STORED DATA: Begin
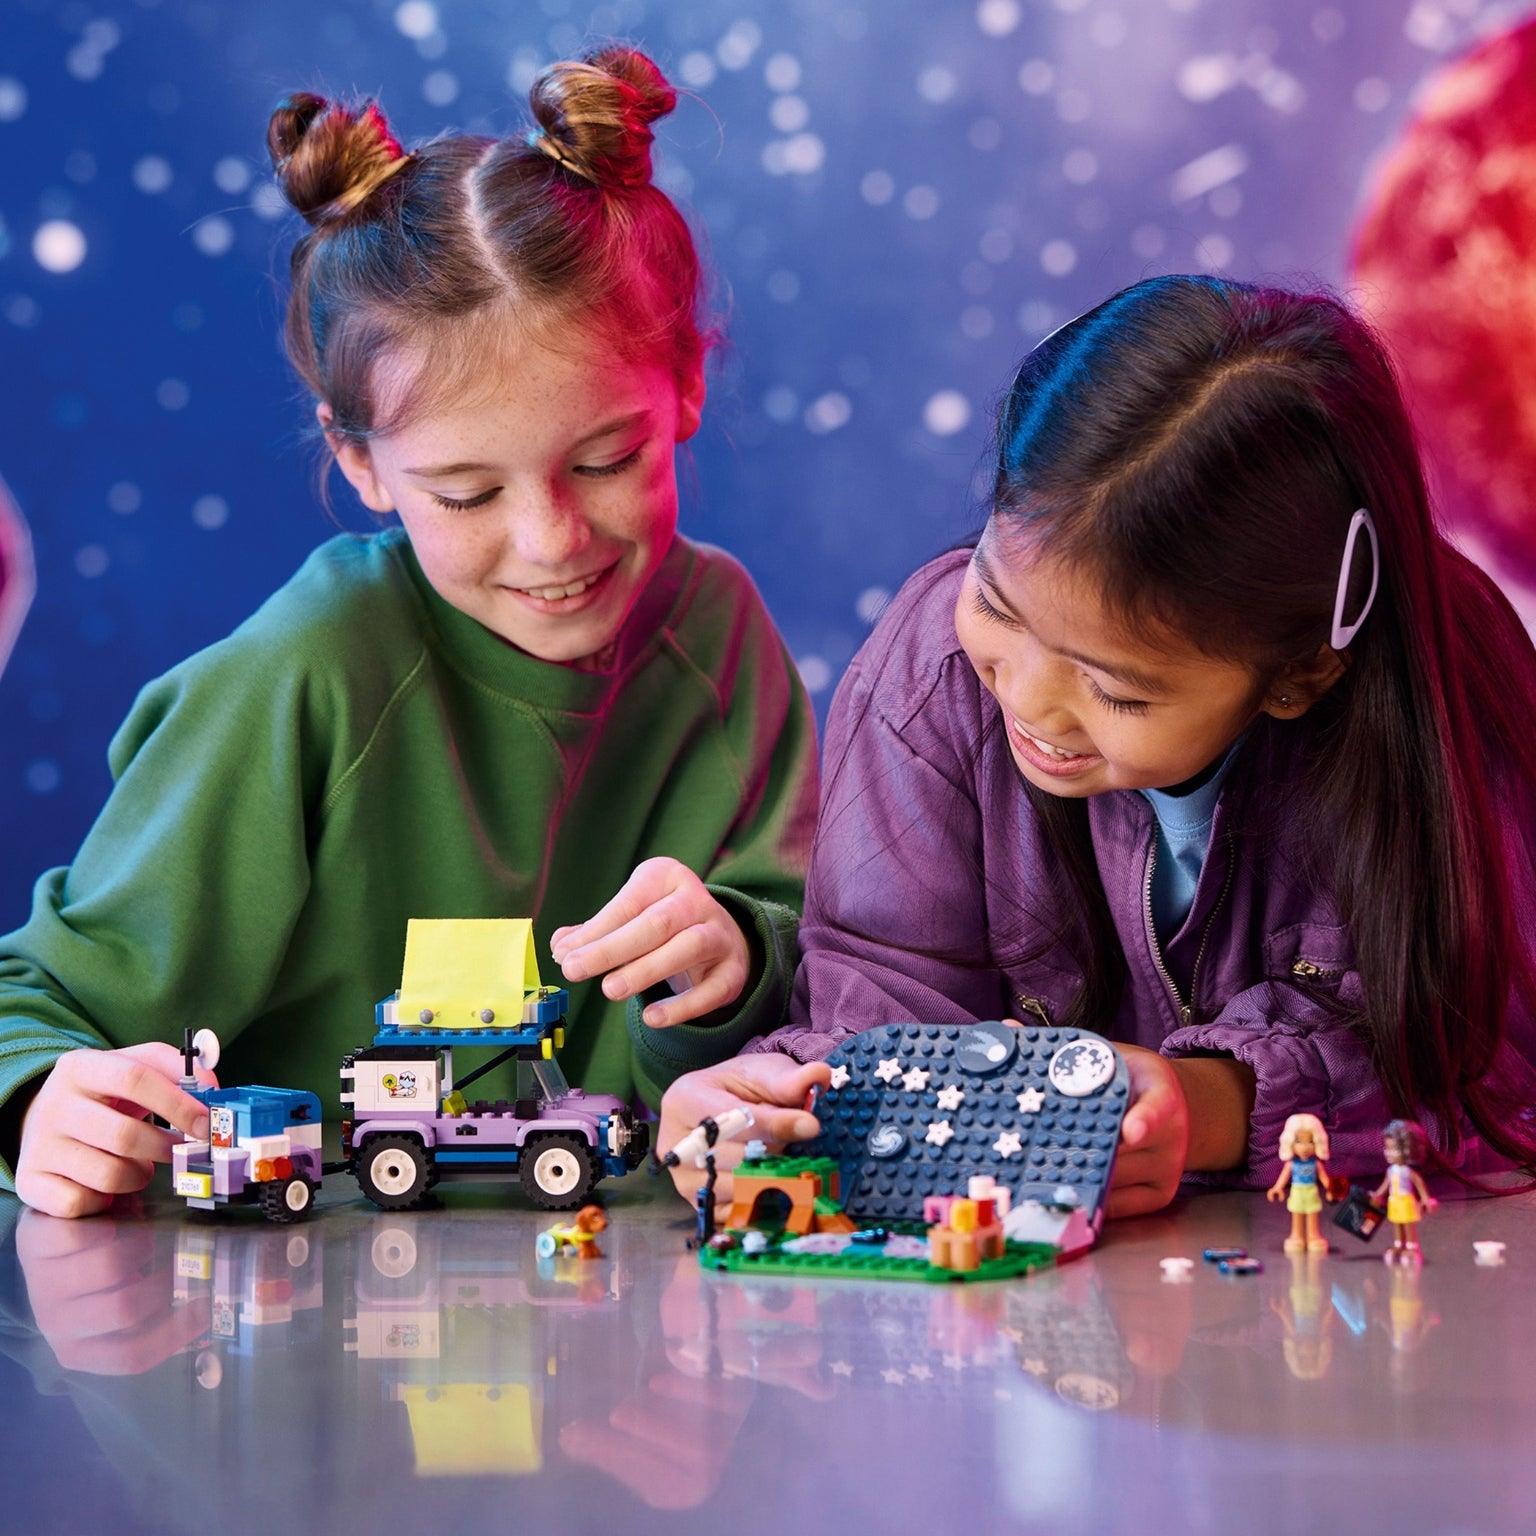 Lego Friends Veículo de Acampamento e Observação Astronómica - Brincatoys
STORED DATA: End
STORED DATA: Begin
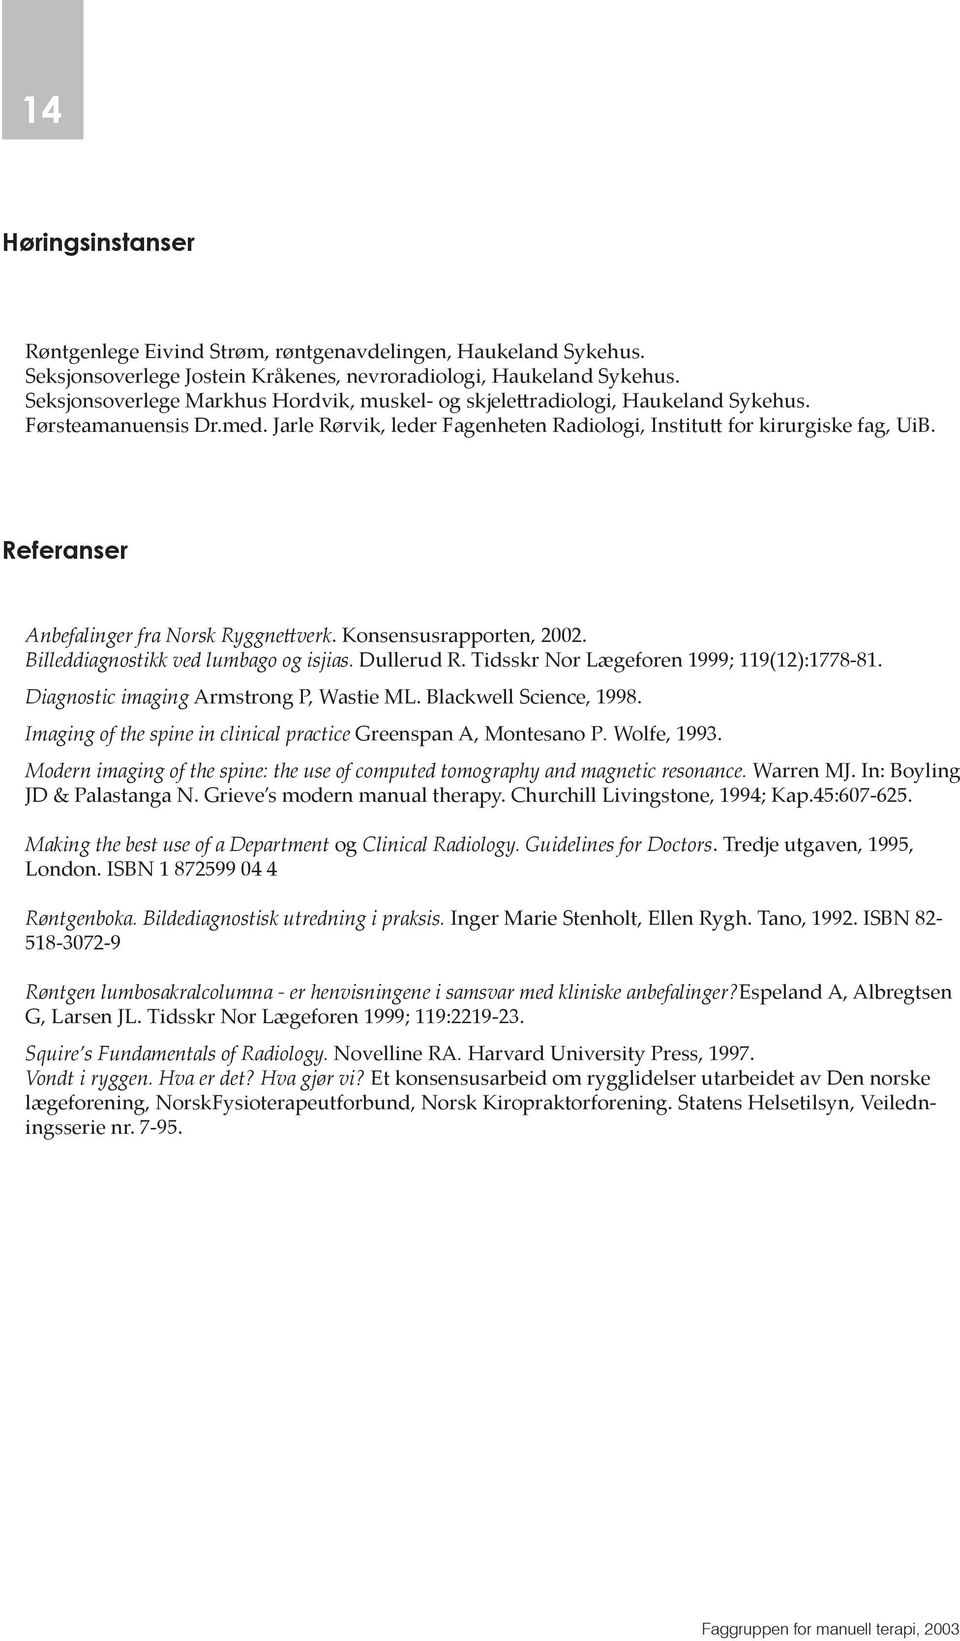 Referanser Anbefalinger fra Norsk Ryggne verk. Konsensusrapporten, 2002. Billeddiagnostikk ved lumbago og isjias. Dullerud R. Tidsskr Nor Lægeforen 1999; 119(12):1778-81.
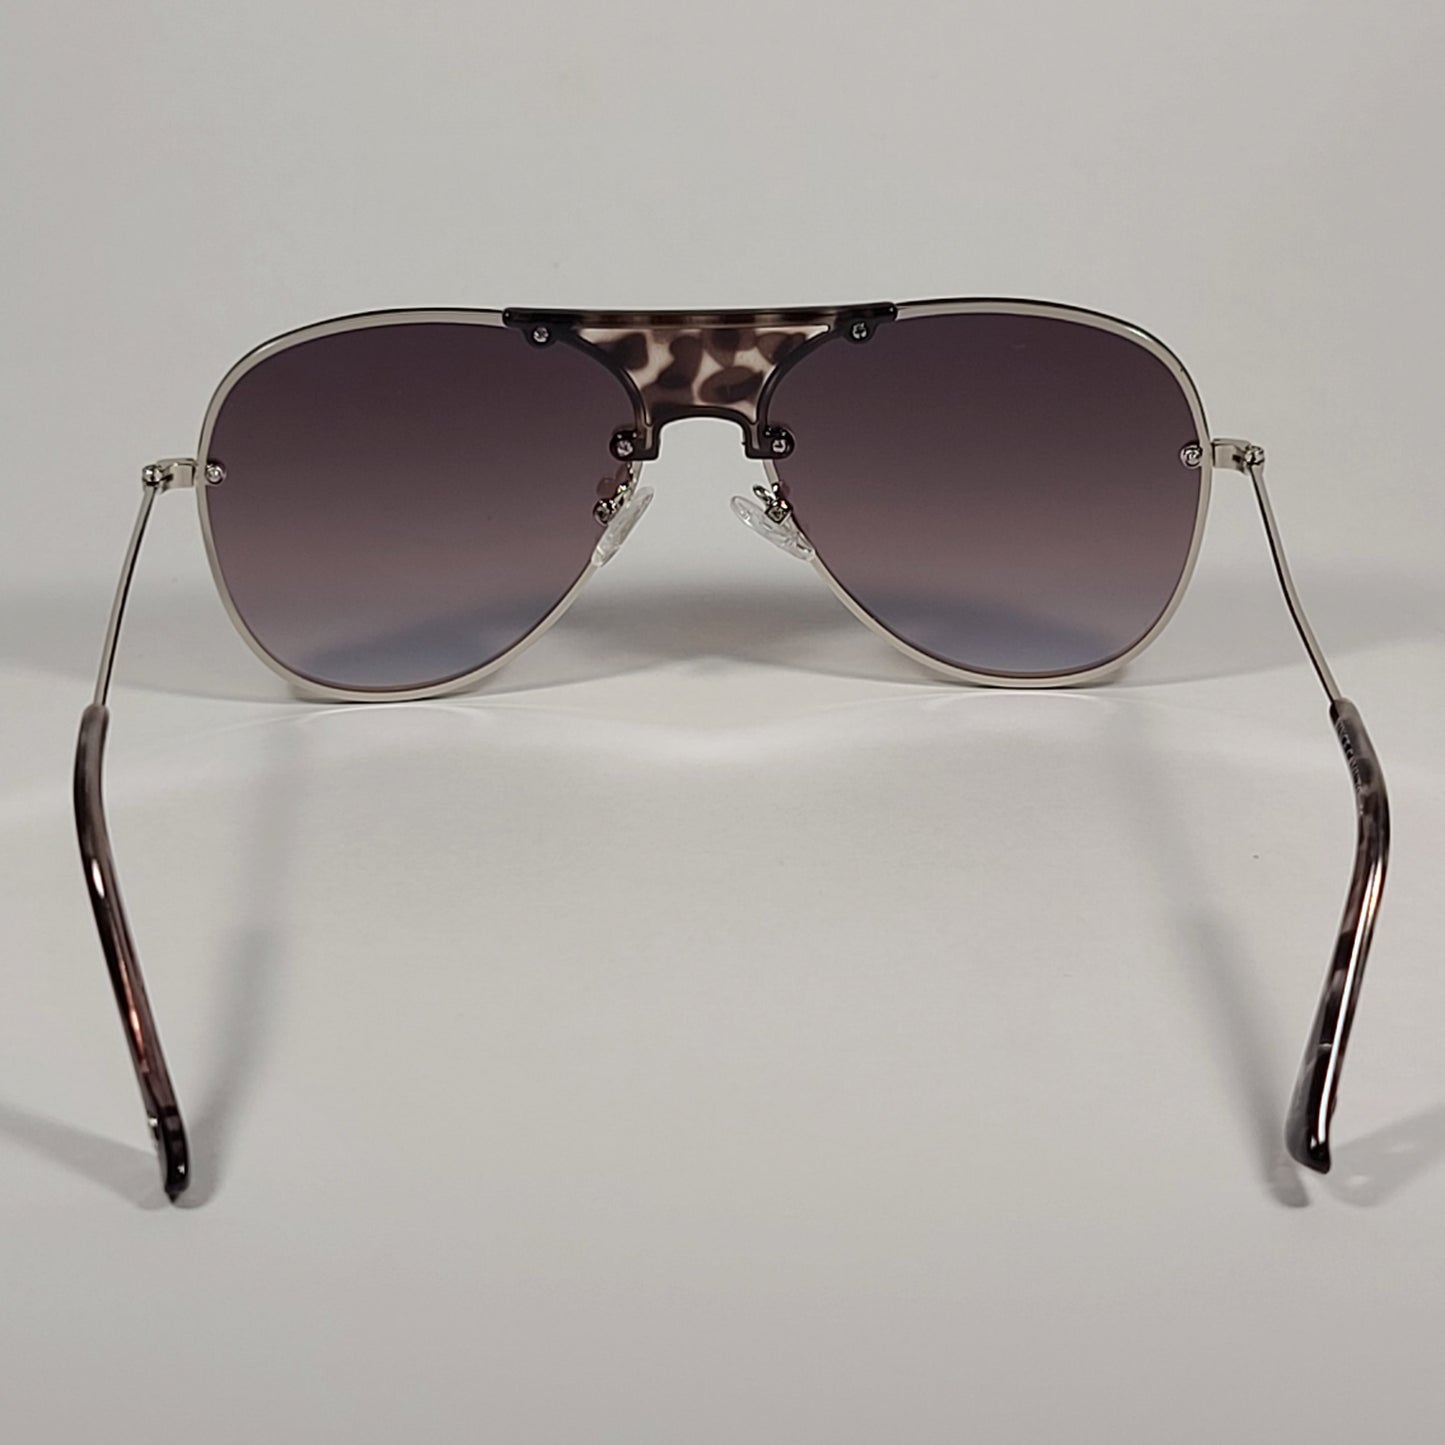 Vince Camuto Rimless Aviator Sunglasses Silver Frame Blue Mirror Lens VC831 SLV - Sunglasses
STORED DATA: End
STORED DATA: Begin
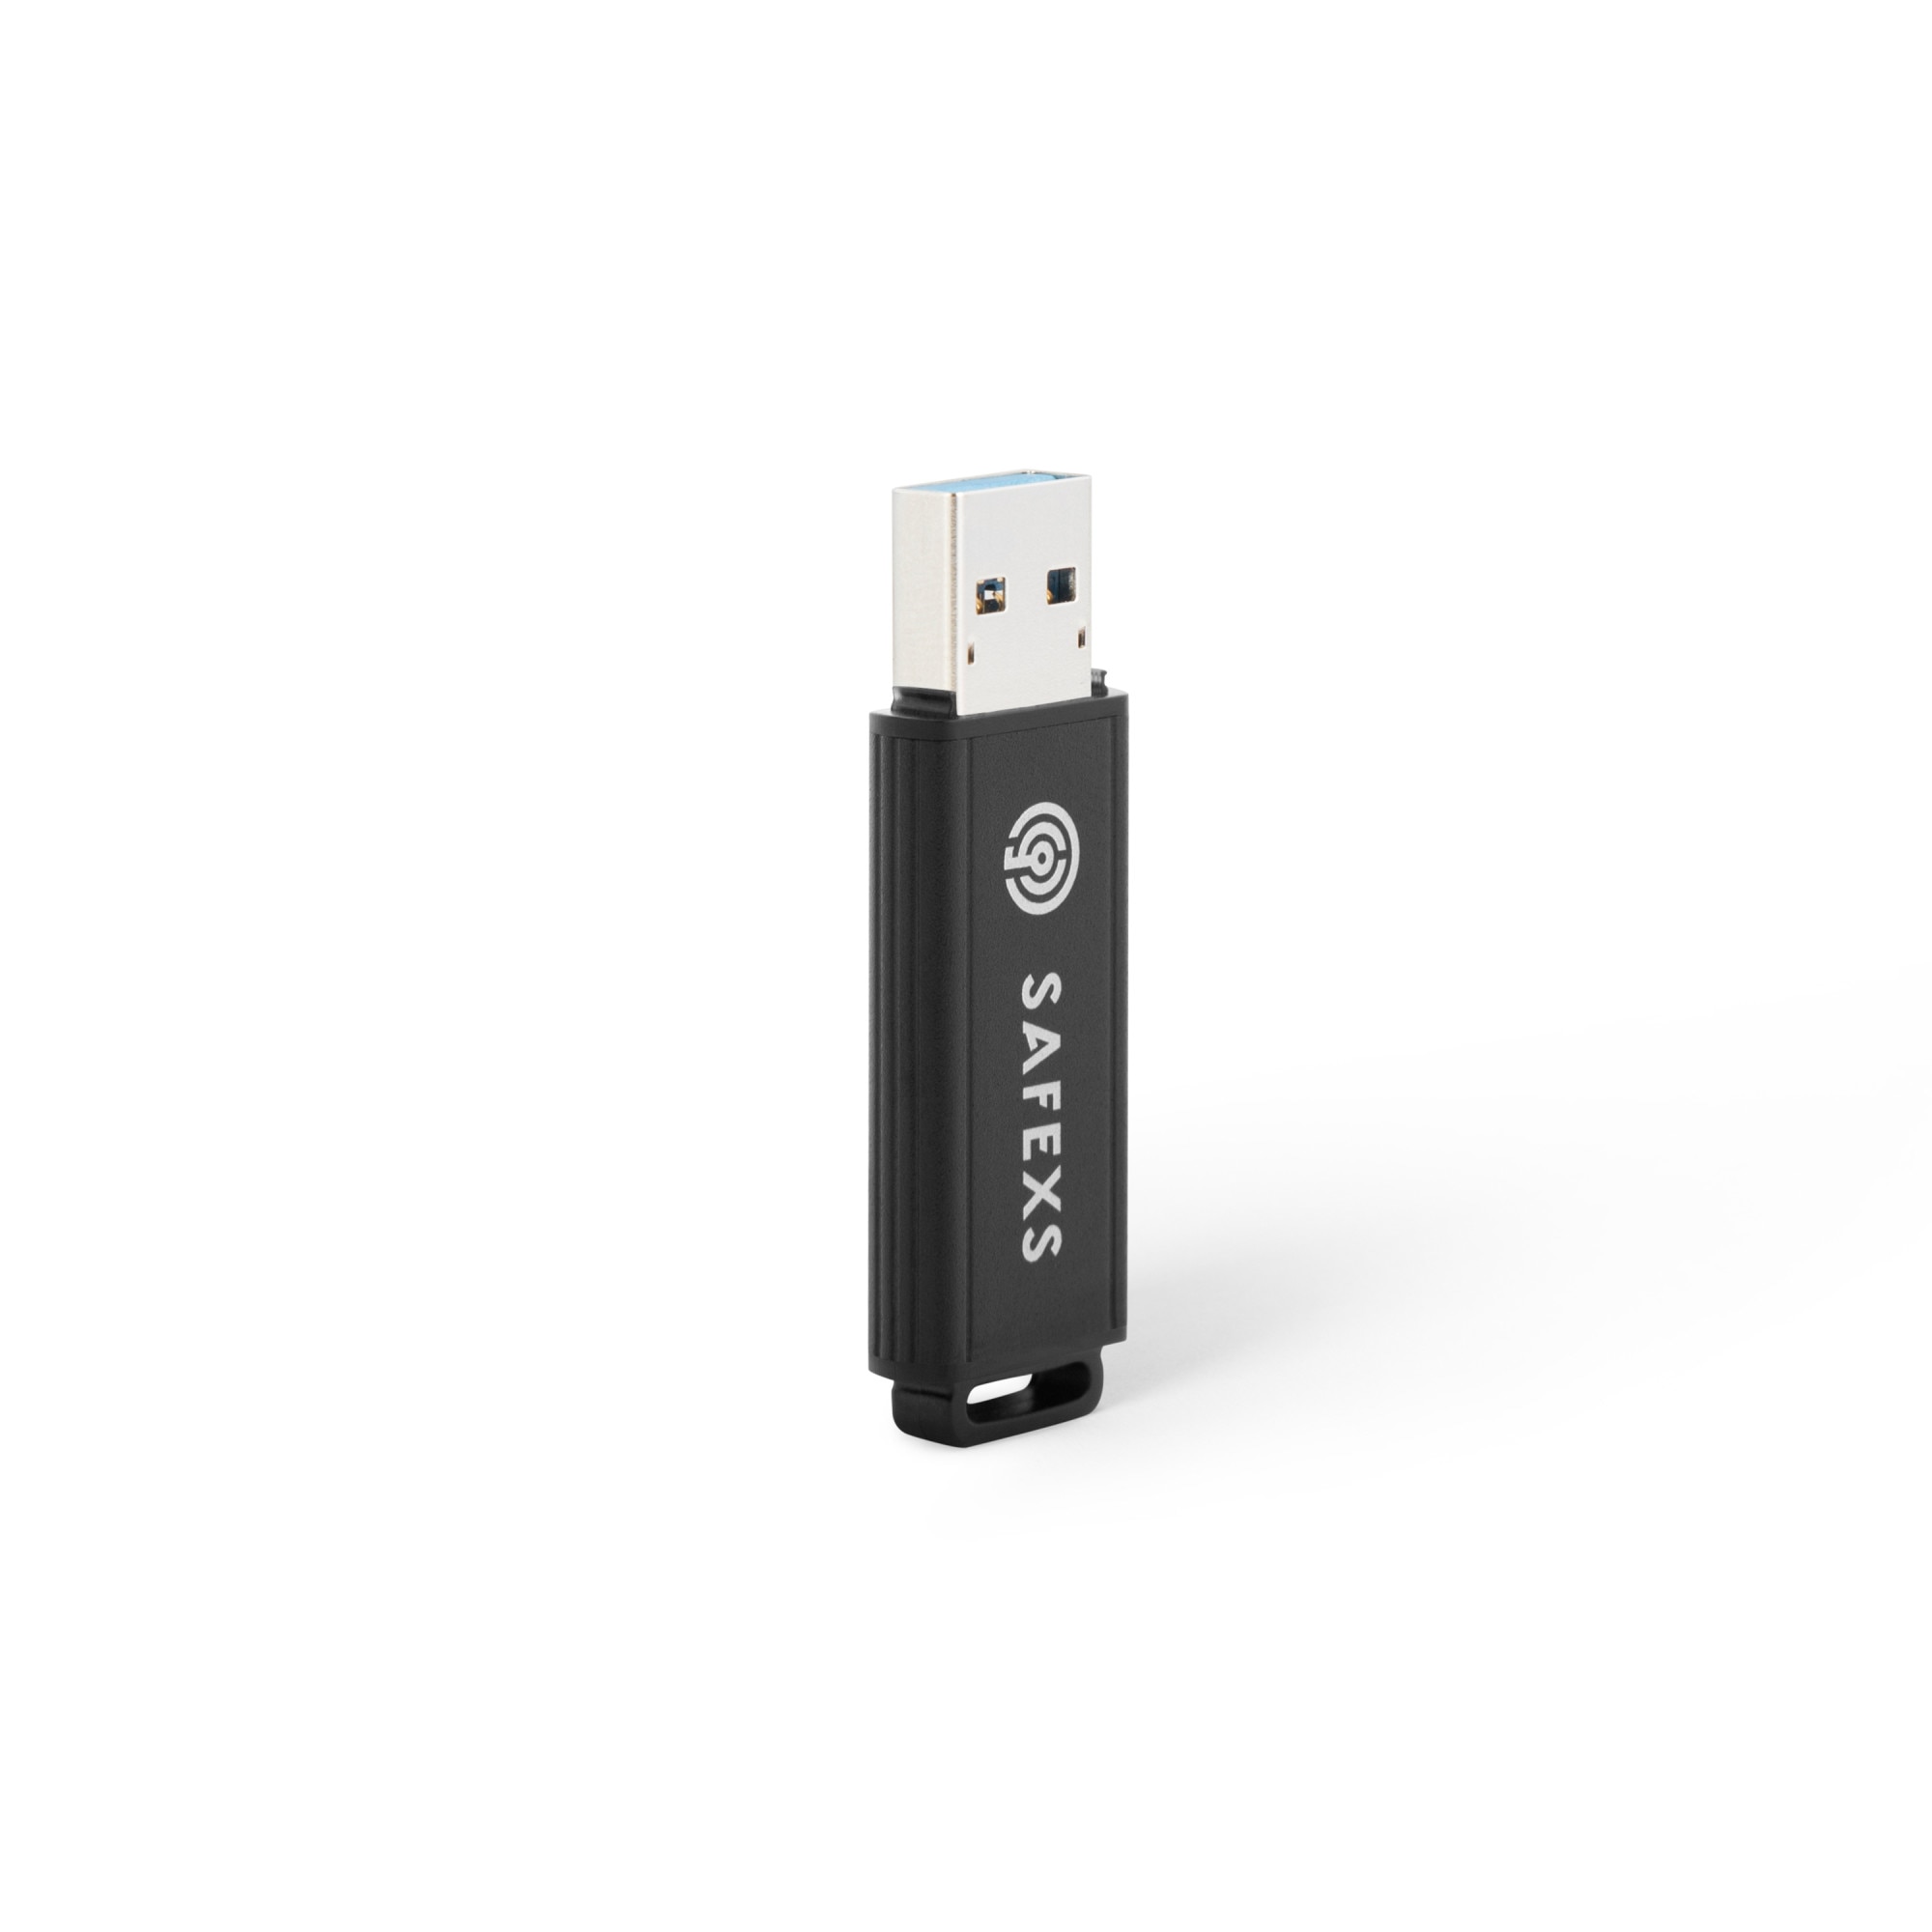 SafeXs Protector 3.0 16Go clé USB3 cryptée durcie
STORED DATA: End
§ THE PROBLEM
Transcribe exactly the lines above, beginning at the one with "Referanser Anbefalinger fra" and going up to and including the one with "Vince Camuto Rimless". Pictures do not belong in the copy.

§ RESPONSE BOX
 Referanser Anbefalinger fra Norsk Ryggne verk. Konsensusrapporten, 2002. Billeddiagnostikk ved lumbago og isjias. Dullerud R. Tidsskr Nor Lægeforen 1999; 119(12):1778-81.
 Vince Camuto Rimless Aviator Sunglasses Silver Frame Blue Mirror Lens VC831 SLV - Sunglasses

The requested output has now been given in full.